Question
When a surface is irradiated with light of wavelength $$4950\,\mathop {\text{A}}\limits^ \circ ,$$ a photo current appears which vanishes if a retarding potential greater than $$0.6\,V$$ is applied across the photo tube.
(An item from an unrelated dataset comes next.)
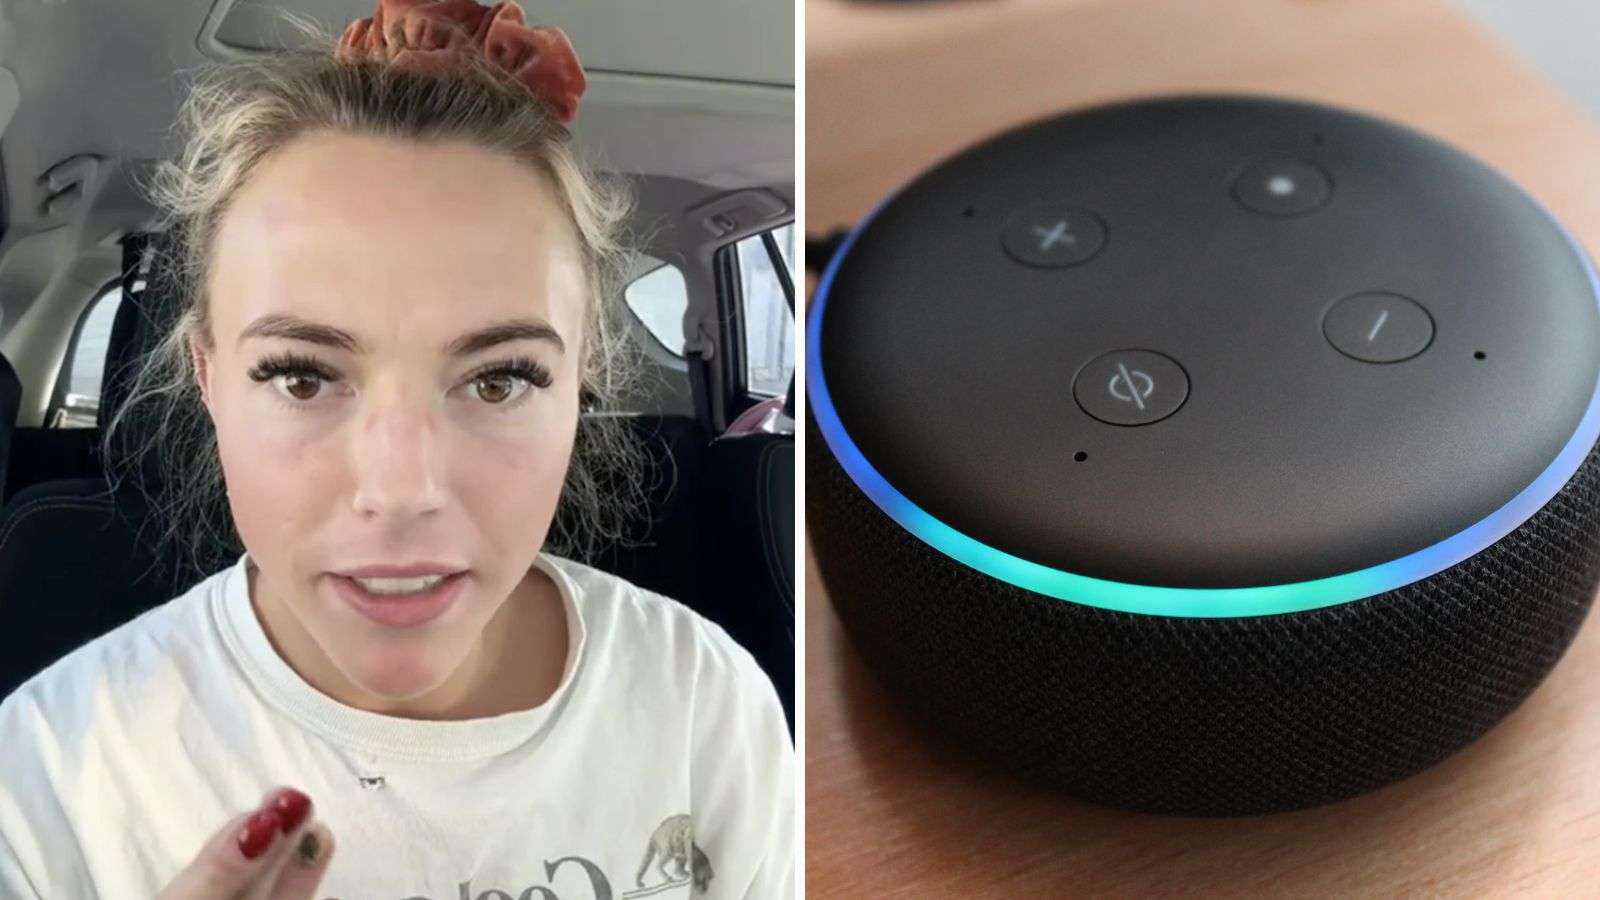 Woman throws out Amazon Alexa after it kept speaking to her husband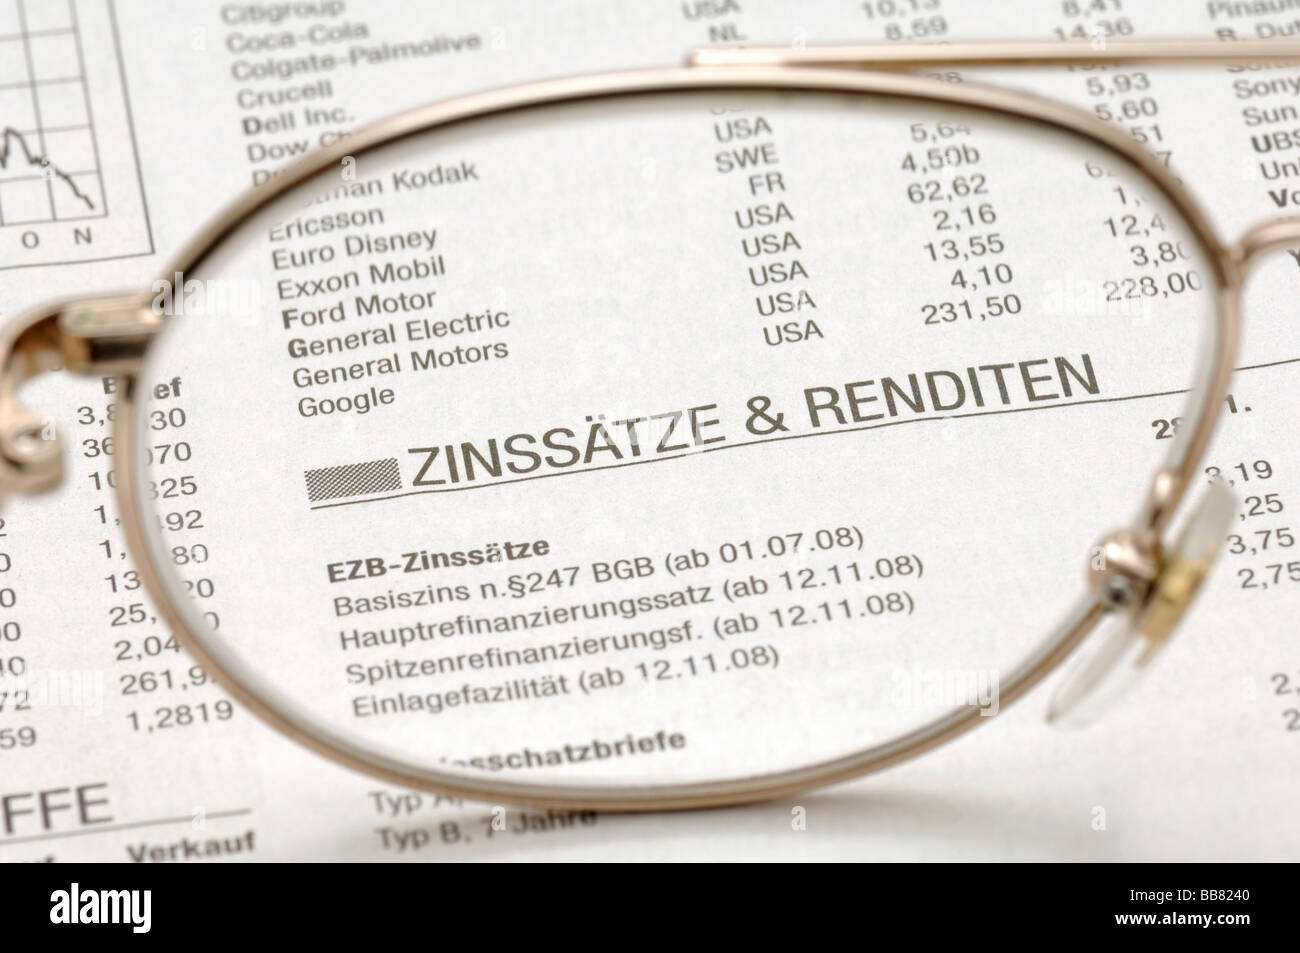 Glasses on the business section of a newspaper, stock exchange, symbolic picture for business Stock Photo

When a different source of light is used, it is found that the critical retarding potential is changed to $$1.1\,V.$$ Find the wavelength of second source.
A.
$$4077\,\mathop {\text{A}}\limits^ \circ $$
B.
$$992\,\mathop {\text{A}}\limits^ \circ $$
C.
$$628\,\mathop {\text{A}}\limits^ \circ $$
D.
$$238\,\mathop {\text{A}}\limits^ \circ $$
Answer :
$$4077\,\mathop {\text{A}}\limits^ \circ $$
Solution :
By Einstein equation
$$\eqalign{
& hf = {W_0} + e{V_0}. \cr
& {W_0} = \frac{{hc}}{\lambda } - e{V_0} \cr
& = \frac{{\left( {6.63 \times {{10}^{ - 34}}} \right) \times \left( {3 \times {{10}^8}} \right)}}{{4950 \times {{10}^{ - 10}}}} - \left( {1.6 \times {{10}^{ - 19}}} \right) \times 0.6 \cr
& = 3.12 \times {10^{ - 19}}J \cr} $$
For the second surface
$$\eqalign{
& hf' = {W_0} + e{V_0}^\prime \cr
& {\text{or}}\,\,\frac{{hc}}{{\lambda '}} = 3.12 \times {10^{ - 19}} + 1.6 \times {10^{ - 19}} \times 1.1 \cr
& \therefore \lambda ' = 4077\,\mathop {\text{A}}\limits^ \circ \cr} $$